The two biggest drivers of the protracted bout of food inflation the eggs, meat and fish and fruit and vegetables segments saw average annual WPI inflation over the last five years hit 17.2% and 12.8%, respectively, driving up the average food inflation during this period to 12.2%. Even a 12.5% average annual inflation in milk since 2009-10 has caused overall food inflation to soar further. Yet the import taxes on some such products have been as high as 100%, with most still attracting a 30% basic customs duty (which represents import tariff) despite a clear domestic shortfall.
Former Commission for Agricultural Costs and Prices chairman Ashok Gulati has suggested the government trim import duties on food products especially fruit, vegetables, dairy, meat and fish to much lower levels of 10-15% so that the interests of farmers can be balanced with those of consumers, apart from offloading grains from official granaries and curbing the fiscal deficit to contain the price rise.
Cutting import duties has become even more relevant given the forecast of below-normal monsoon rains this year.
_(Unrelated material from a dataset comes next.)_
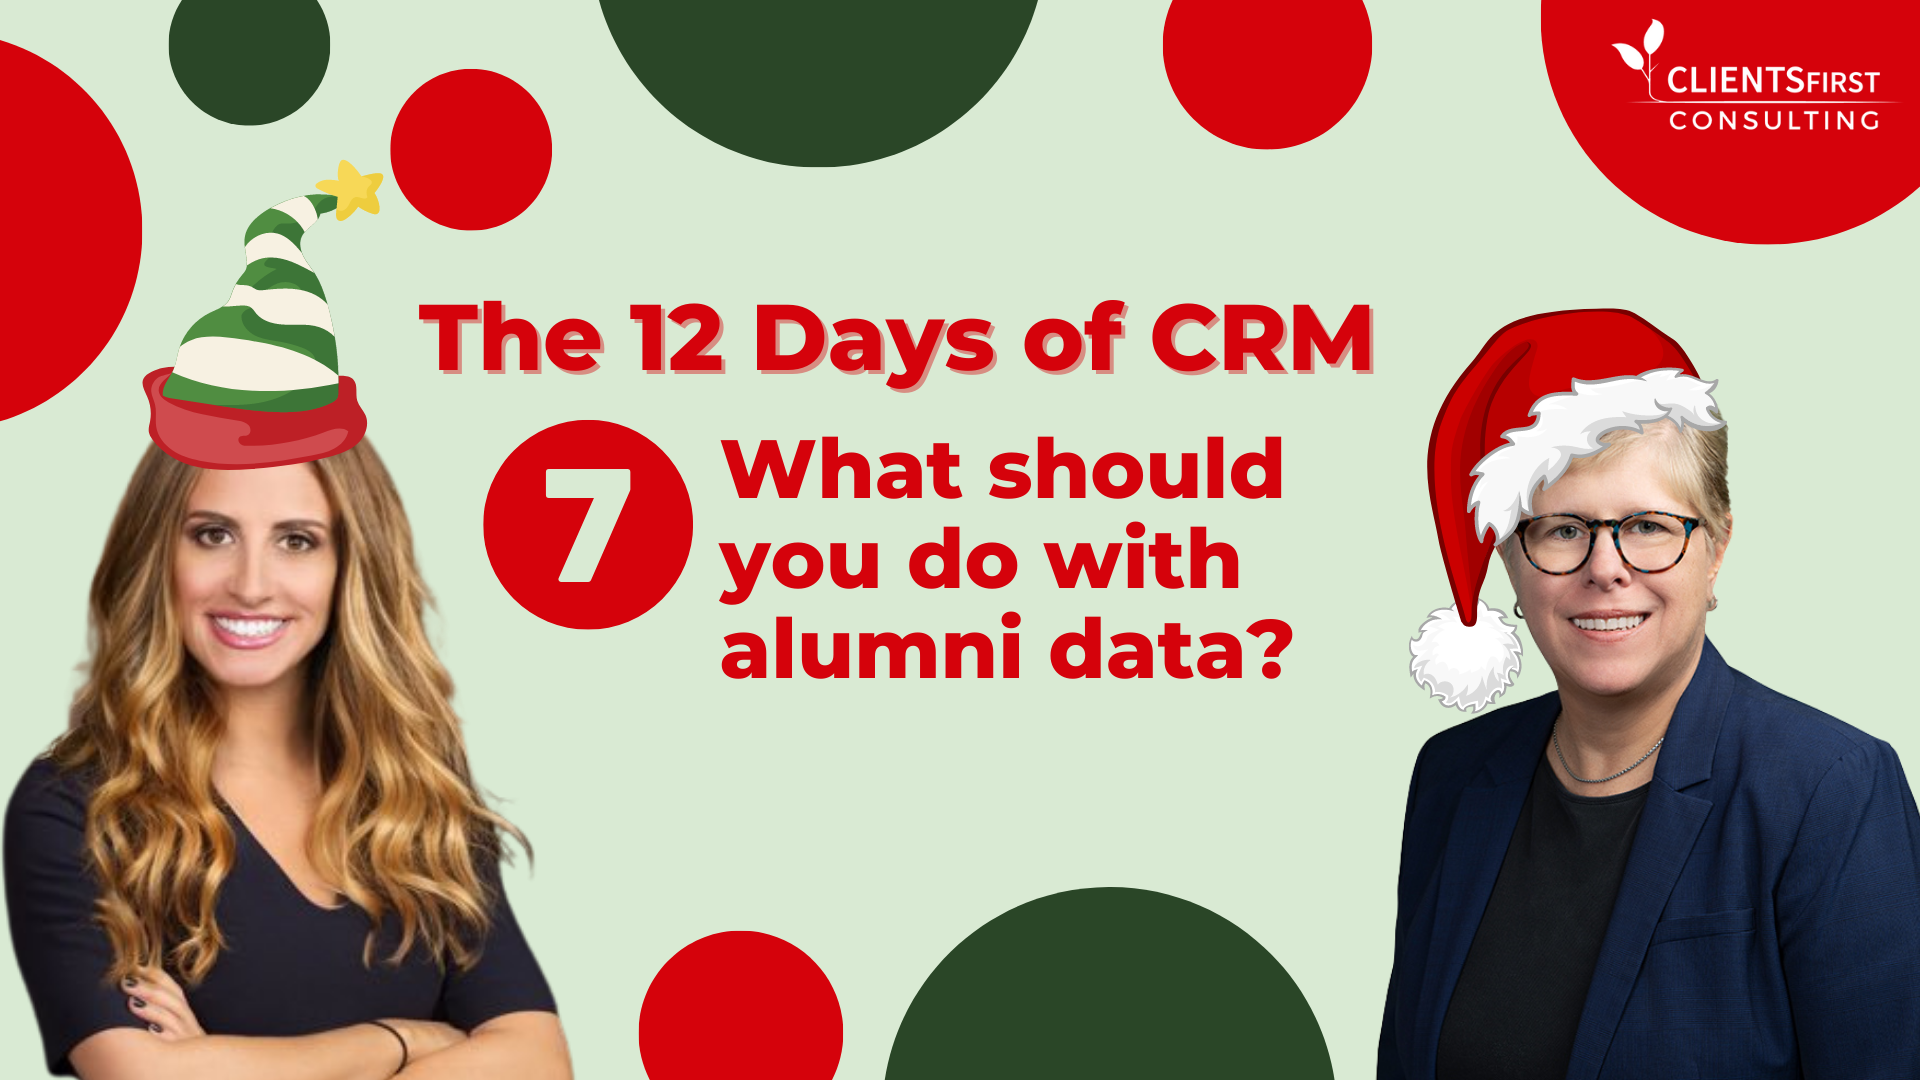 What Should You Do With Alumni Data?

Also, WPI inflation for eggs meat and fish rose to 12.47% in May compared with 9.97% in the previous month and in the case of fruits, the figure was a discomfiting 19.47% in May against 16.46% in April.
Analysts say that while the consumption patterns are changing and an upwardly mobile population is seeking more protein-based items, imposing import restrictions on such items is imprudent. Moreover, since 40% of fruit and vegetables in the country get wasted each year due to lack of farm sector marketing reforms and adequate infrastructure, it defies logic to impose such high import tariffs.